SOURCE RECORDS:
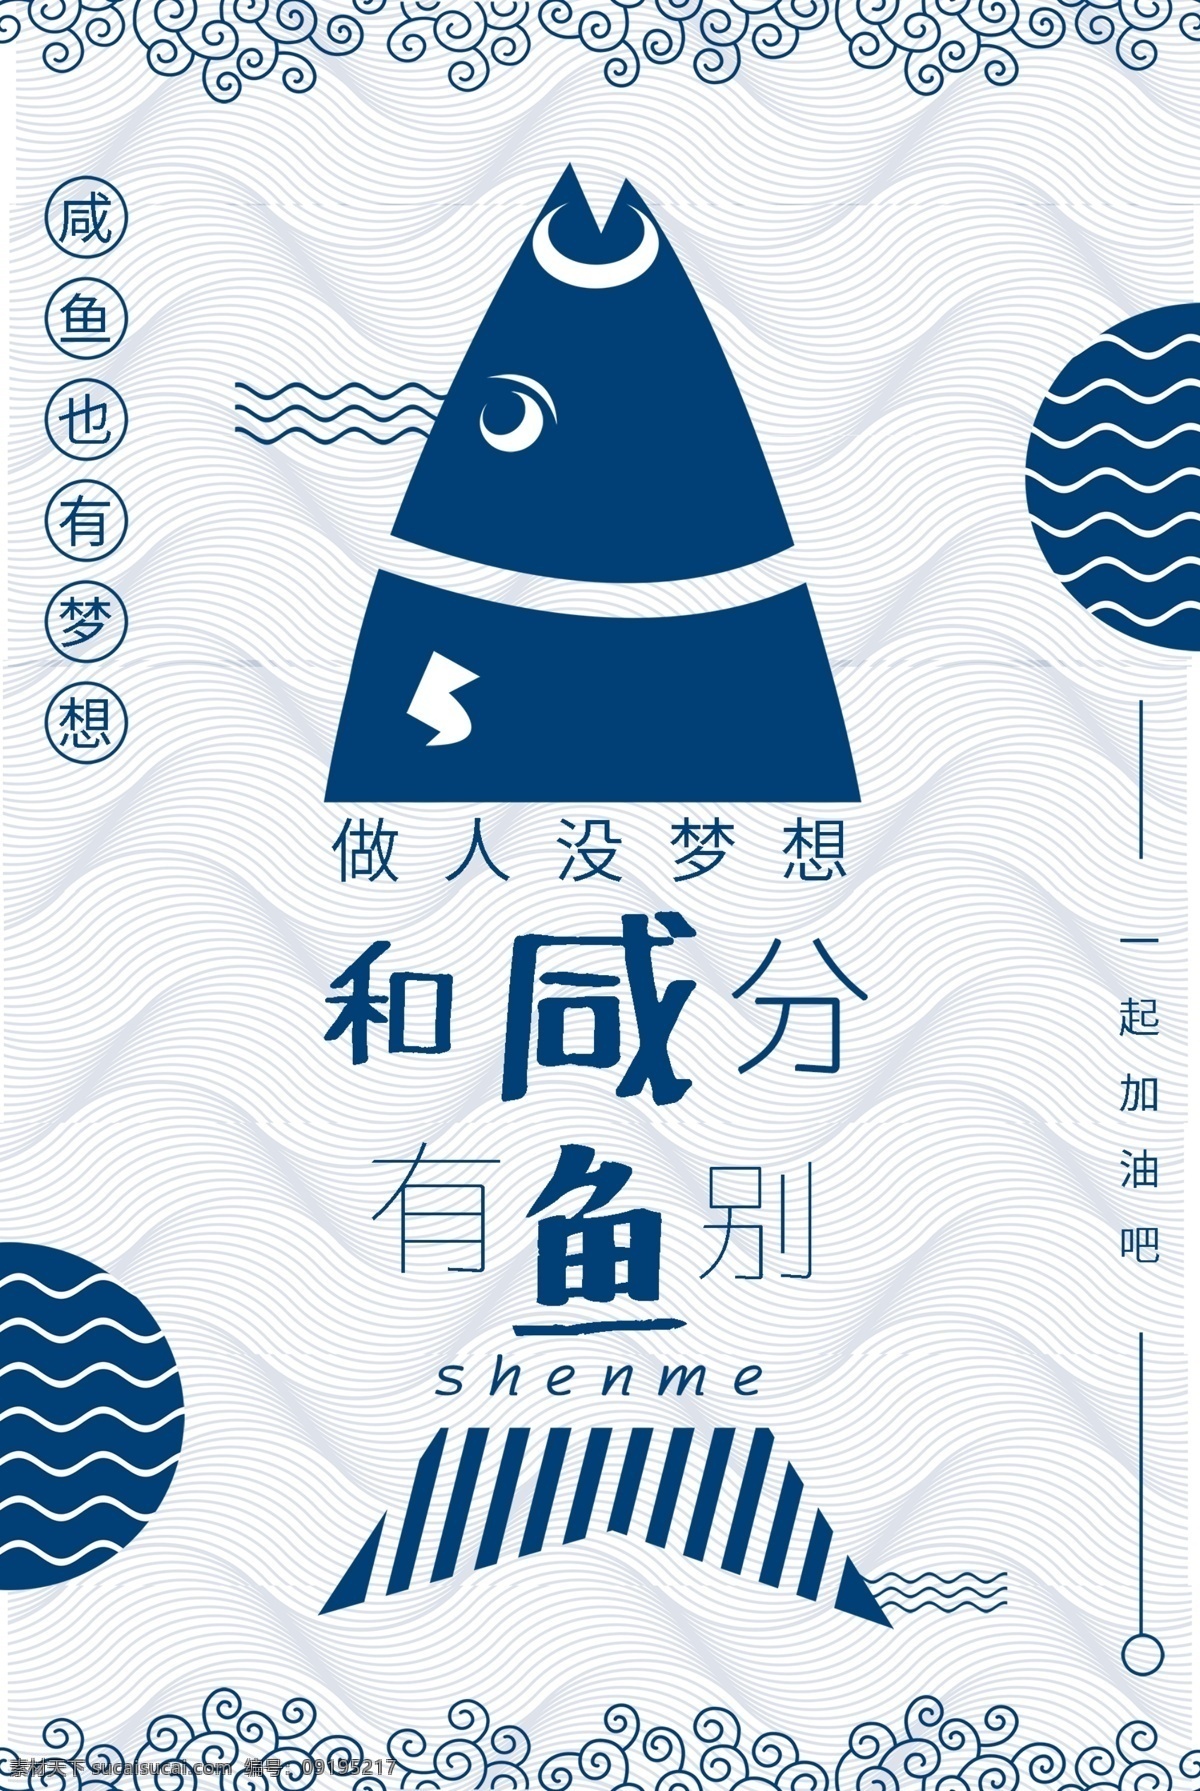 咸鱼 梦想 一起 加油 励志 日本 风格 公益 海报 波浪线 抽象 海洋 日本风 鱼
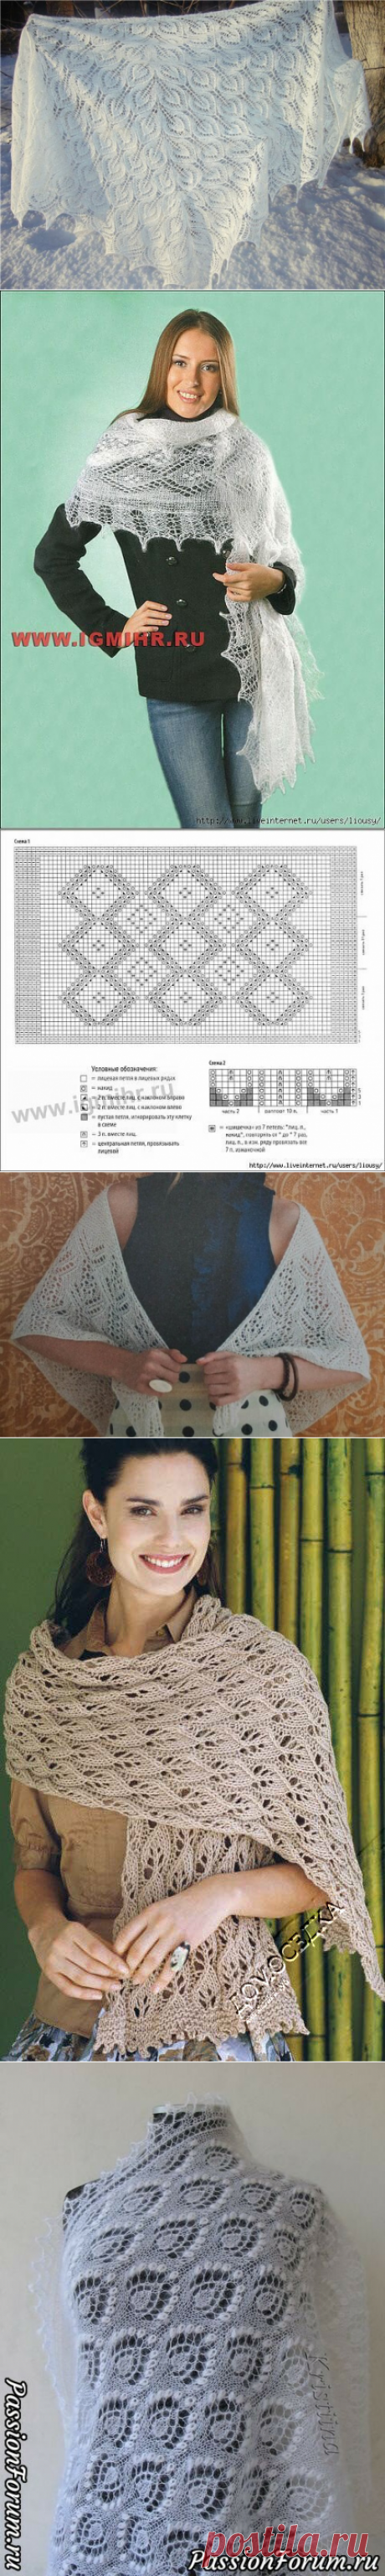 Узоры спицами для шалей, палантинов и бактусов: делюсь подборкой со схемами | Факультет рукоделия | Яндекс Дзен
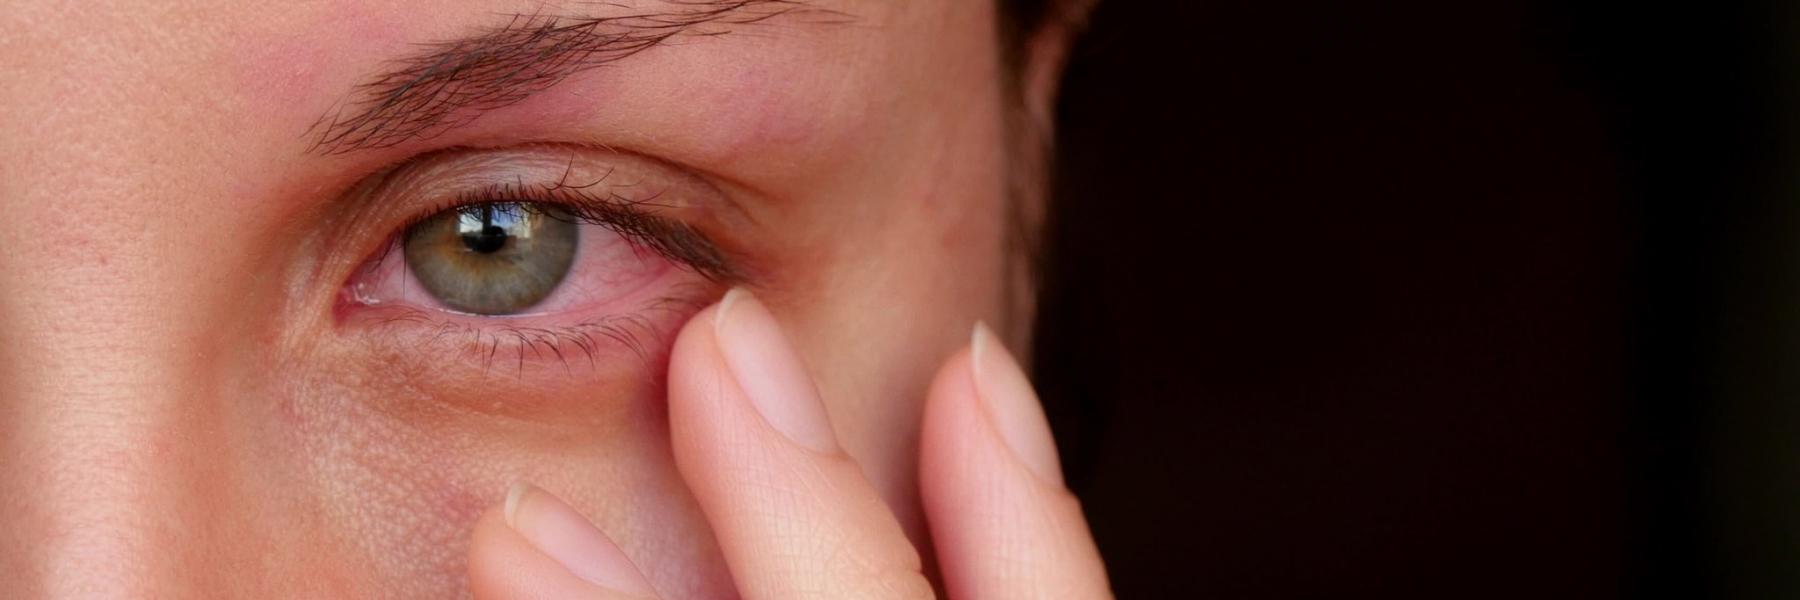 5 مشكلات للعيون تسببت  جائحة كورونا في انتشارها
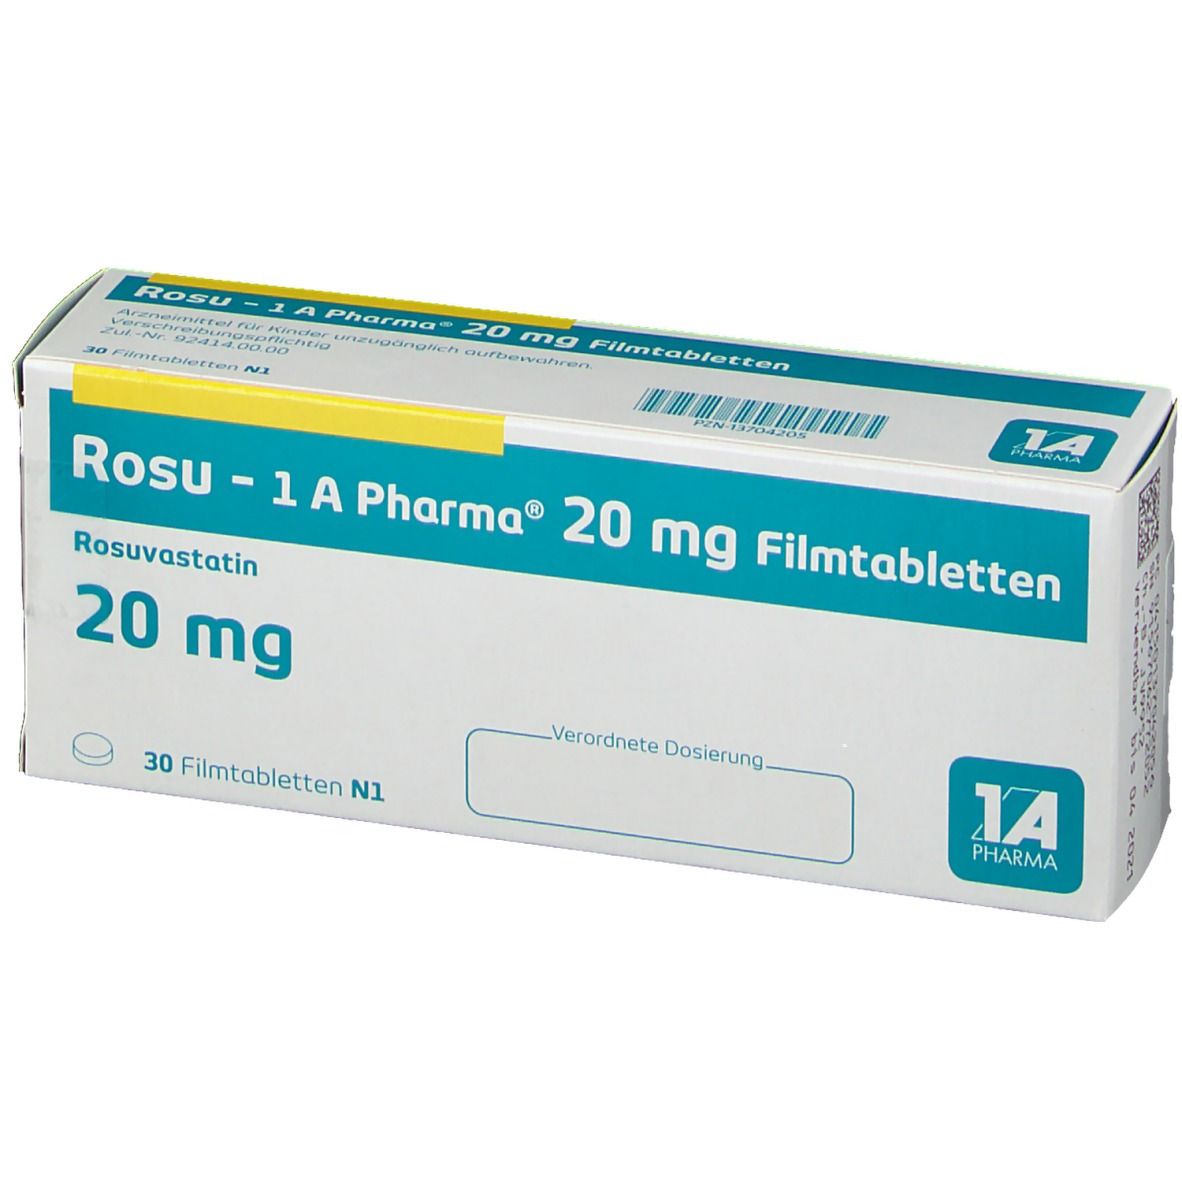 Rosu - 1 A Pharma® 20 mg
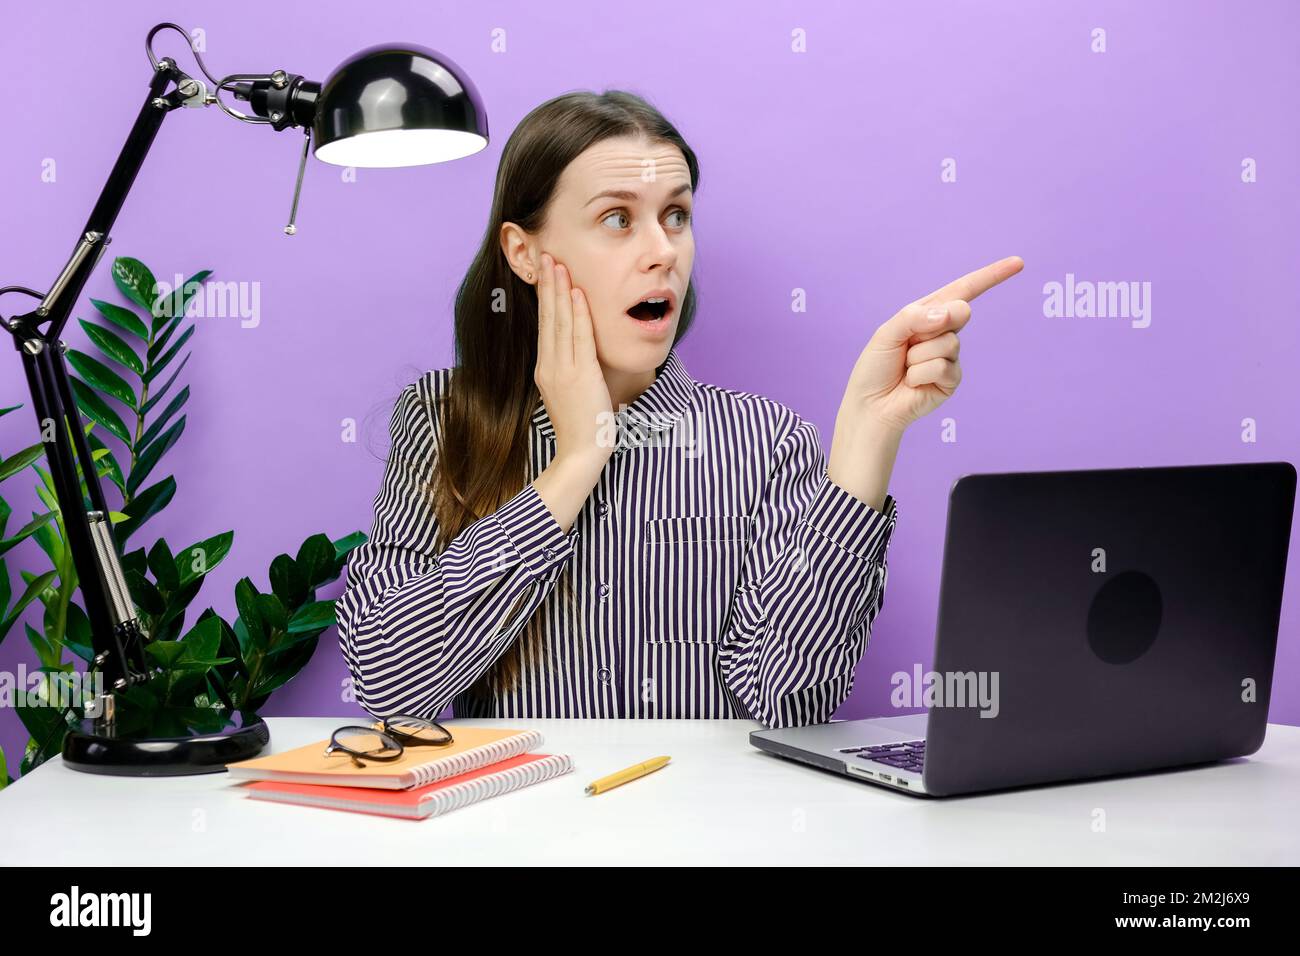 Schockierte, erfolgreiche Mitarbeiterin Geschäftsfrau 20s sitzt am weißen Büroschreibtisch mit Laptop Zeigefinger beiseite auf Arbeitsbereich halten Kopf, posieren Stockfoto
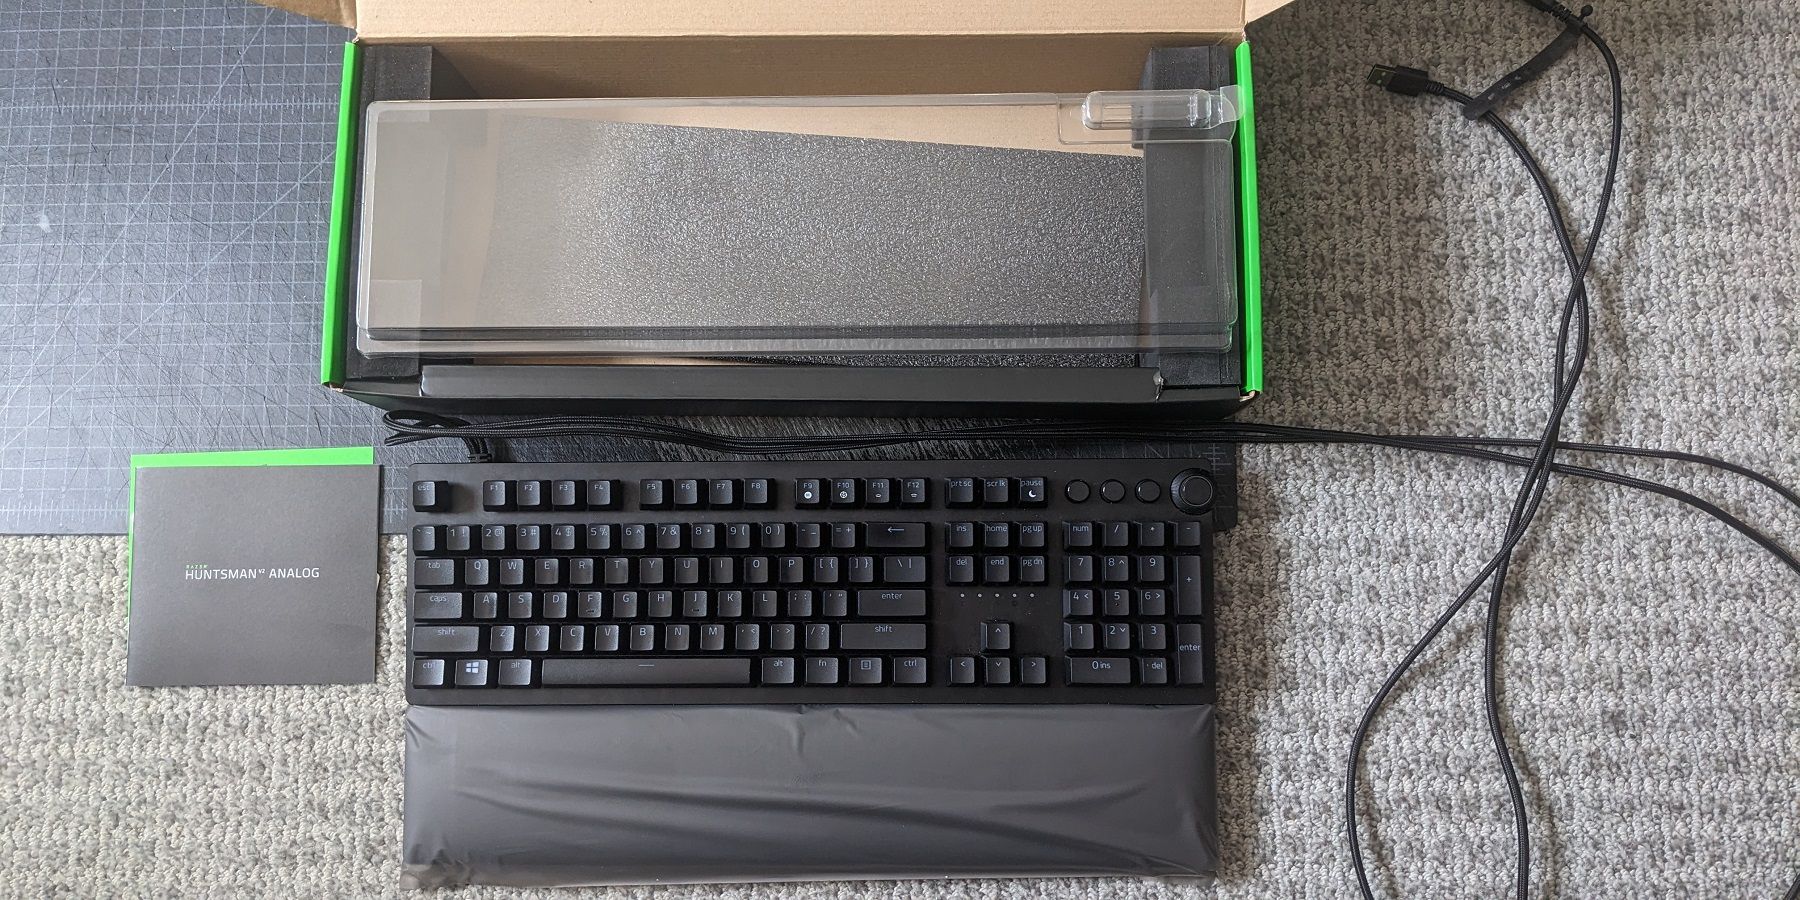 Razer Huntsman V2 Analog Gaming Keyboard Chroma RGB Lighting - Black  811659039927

EXERCISE INSTRUCTIONS:
The listing above must be restated word for word. Its pictures are to be left out.

RESULT:
 咸鱼 梦想 一起 加油 励志 日本 风格 公益 海报 波浪线 抽象 海洋 日本风 鱼
 Узоры спицами для шалей, палантинов и бактусов: делюсь подборкой со схемами | Факультет рукоделия | Яндекс Дзен
 5 مشكلات للعيون تسببت  جائحة كورونا في انتشارها
 Rosu - 1 A Pharma® 20 mg
 Schockierte, erfolgreiche Mitarbeiterin Geschäftsfrau 20s sitzt am weißen Büroschreibtisch mit Laptop Zeigefinger beiseite auf Arbeitsbereich halten Kopf, posieren Stockfoto
 Razer Huntsman V2 Analog Gaming Keyboard Chroma RGB Lighting - Black  811659039927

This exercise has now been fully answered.